The point of operations support is not heroics during an incident, it is that the system gets more reliable over time. Every incident postmortem (M31) and every piece of user feedback (M30) should leave behind a concrete change: a new regression eval (M26), a tightened alert, a new runbook step, a fixed class of bug. This is the data flywheel (M30) aimed at reliability instead of model quality: real failures become permanent guards. A team that only firefights faces the same fires forever; a team that closes the loop watches its incident rate fall.

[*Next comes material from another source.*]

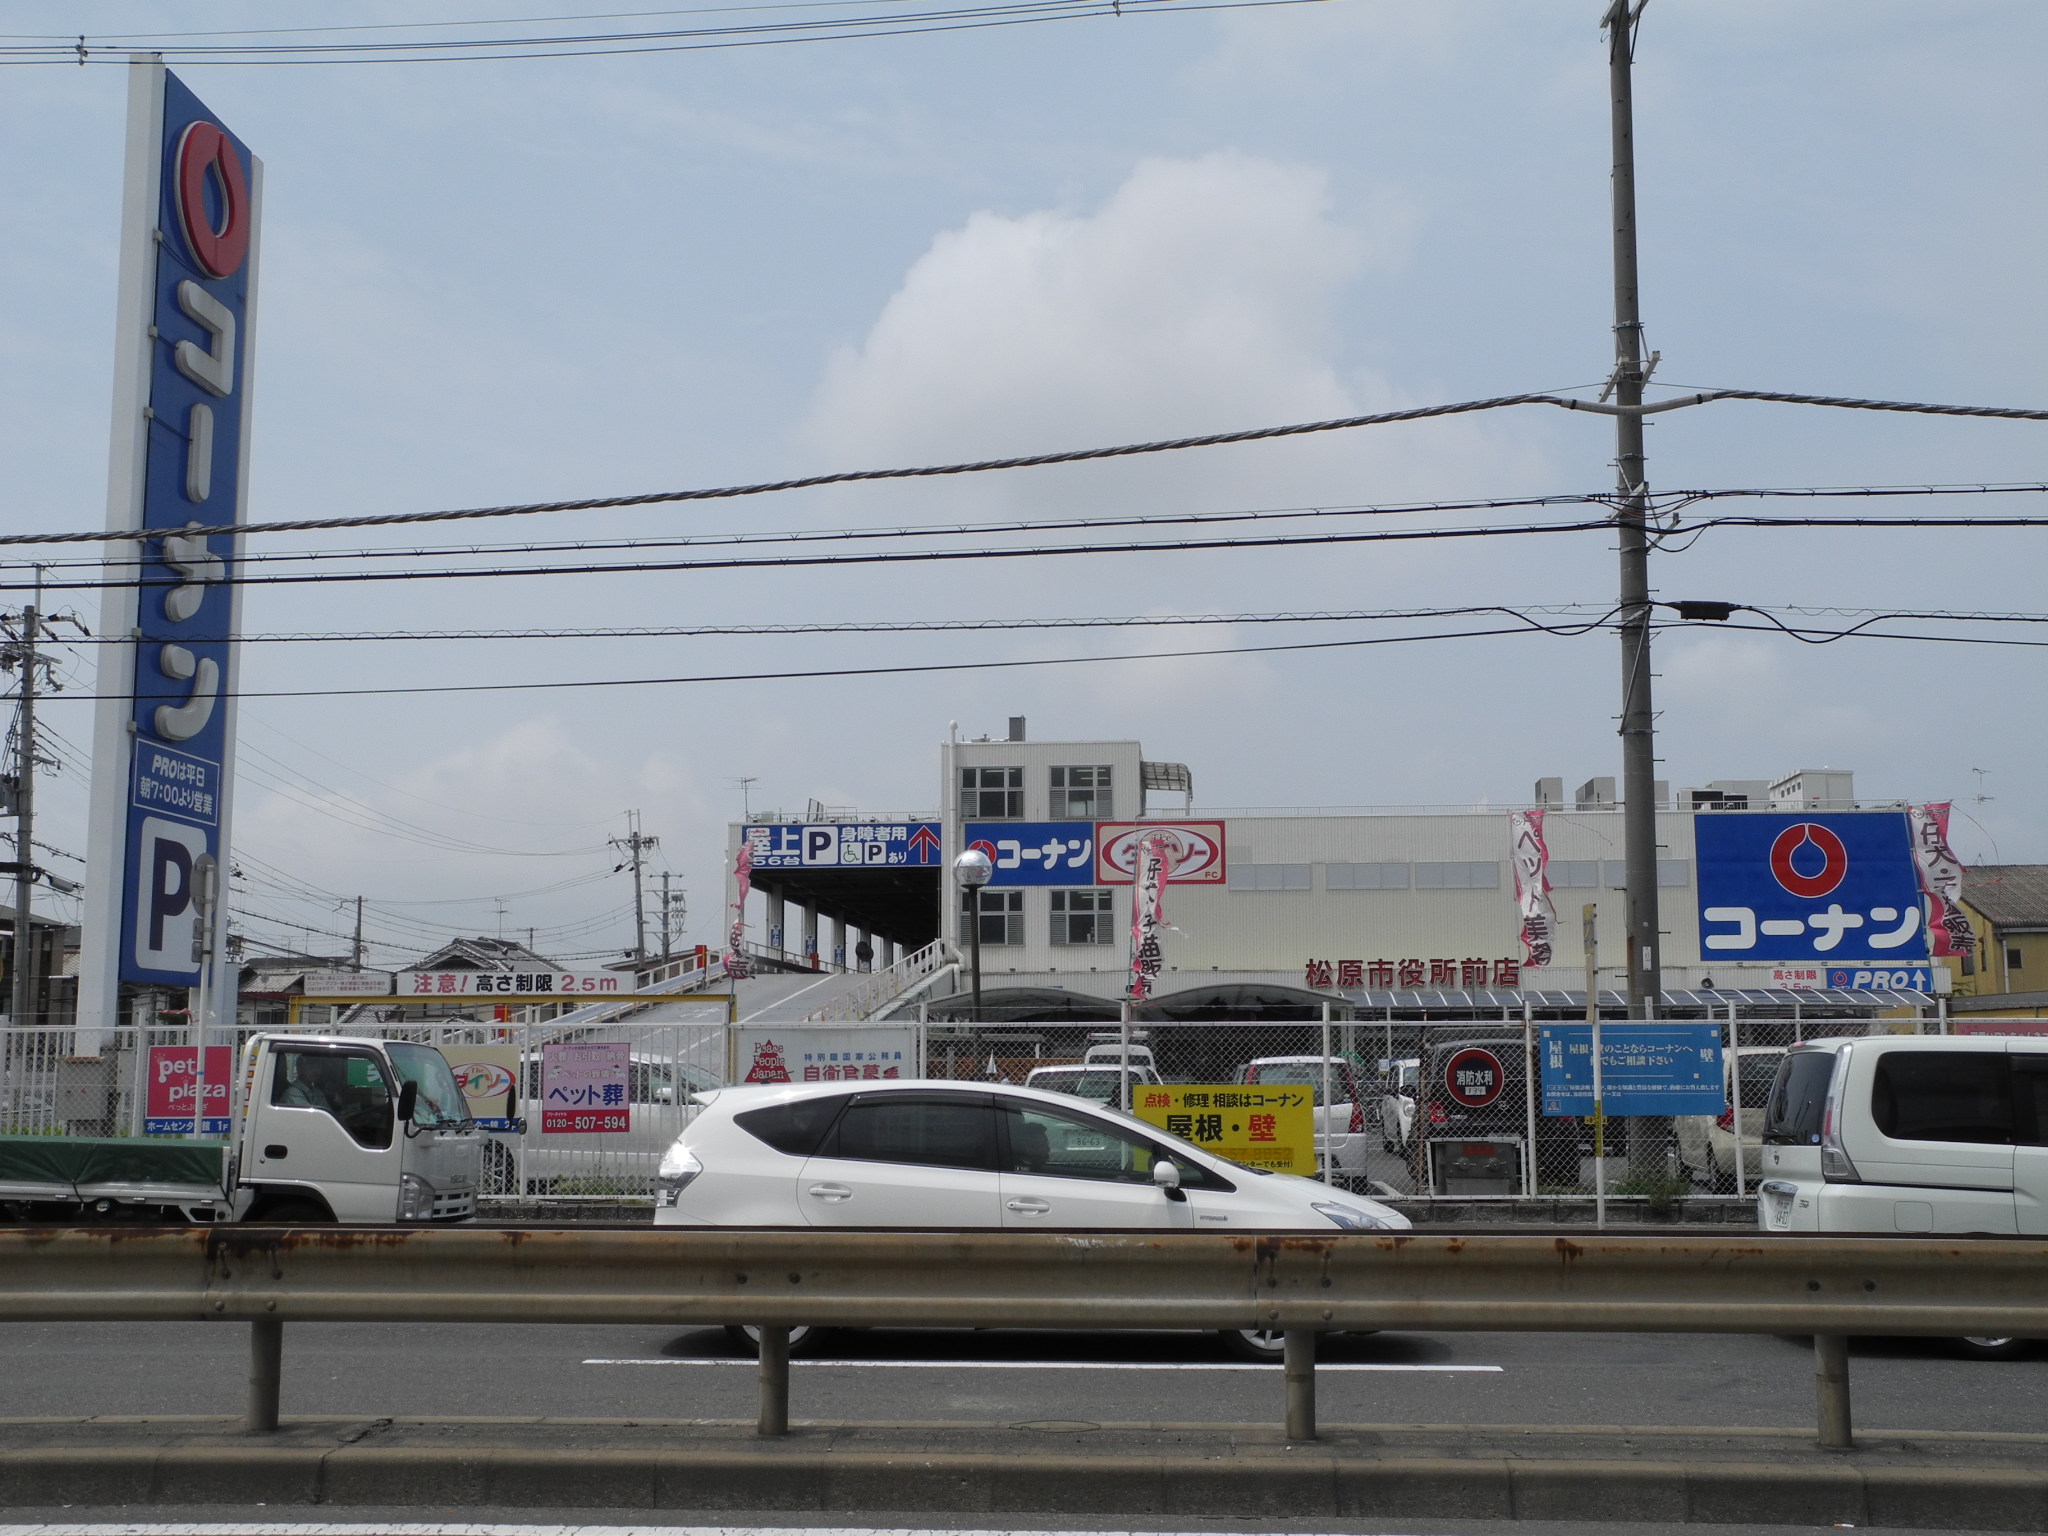 Home center. 1496m to the home center Konan Matsubara City Hall store (hardware store)

Why operations support is the right place to end

The course began by insisting the hard part of AI engineering is the engineering, not the AI. Part E is the sharpest form of that lesson: none of the operations safeguards are about machine learning, they are about running software that real people depend on. An AI feature that impresses in a demo but pages someone every night, leaks data through a stale index, or ships a regression to everyone is not finished. Operations support is what turns "it works on my machine" into "it works for everyone, keeps working, and gets safer every week." That is what it means to truly ship.

Words you will hear

Operator vs builder, LLMOps / AgentOps / AIOps, the operations lifecycle (deploy → observe → respond → improve), structured logging / log correlation, dashboard / the four golden signals (latency, traffic, errors, saturation), online evaluation, rate limit / quota / concurrency limit, continuous improvement / the reliability flywheel, toil. The hands-on terms are in M31–M34; full definitions in the glossary.